Лицо человека было бледным, морщинистым, на голове фуражка офицерского образца, но далеко не новая, френч, брюки-галифе и высокие, до блеска начищенные сапоги – как только можно сохранить такой блеск в этой грязи!

Но самое удивительное заключалось в том, что вместо сабли или кортика на портупее у этого человека висел кожаный колчан с оперениями стрел наружу, а в свободной руке он держал нечто схожее с луком, но куда короче, – Лаврентий Павлович не разбирался в старинном оружии, но понял, что это вовсе не детская игрушка.

– Ах, у вас нет обуви! – расстроился высокий человек. – Или вы потеряли?

– Нет, у меня не было.

– А как вы сюда попали? – Человек обвел рукой окрестность, как бы давая понять, что пойма речки – его собственность.

– Тут был человек… очевидно, со свирелью, – признался Лаврентий Павлович, – я им заинтересовался. Я давно не видел людей…

«Интересно, – подумал он, – а рад ли я, что вижу этого человека?»

– А, крысолов, – сказал высокий мужчина. – Опять заманивает. Значит, он вас вывел из города и хотел утопить, но вы не успели?

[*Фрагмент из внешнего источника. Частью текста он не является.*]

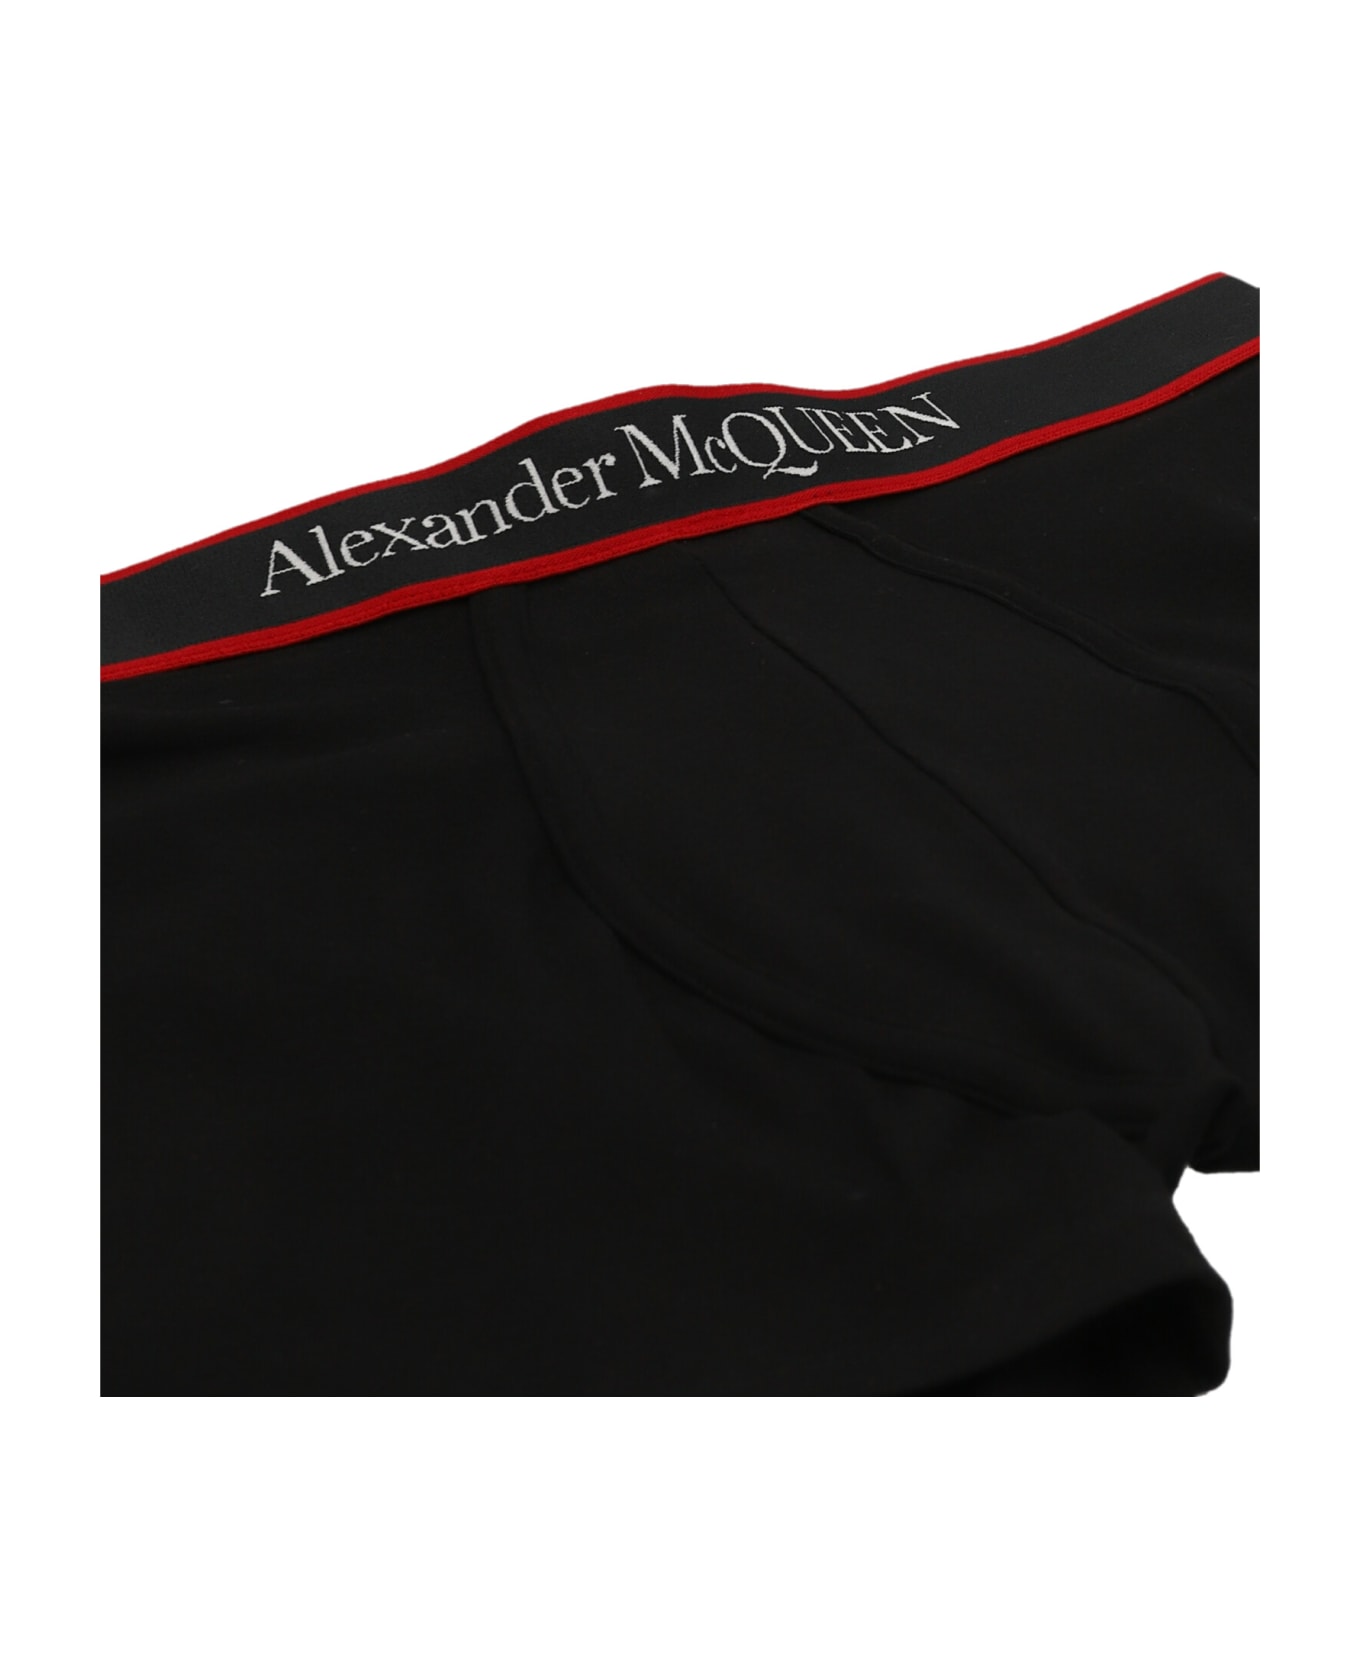 Alexander McQueen Logo Boxer Shorts - Black

– Я не собирался топиться.

– А он всегда так действует. Надоел мне безумно, – сказал мужчина. – Заманивает и делает попытки утопить. Ну кого вы в наши дни утопите, а?

– Никого, – согласился Берия. Он явно столкнулся с сумасшедшим, на психику которого так повлияла атомная война. А может, и сама радиация.

– Разрешите представиться, – сказал высокий мужчина и протянул руку Берии, – Николай Николаевич, Николай Николаевич-младший. Вам приходилось обо мне слышать?

– А фамилия, простите?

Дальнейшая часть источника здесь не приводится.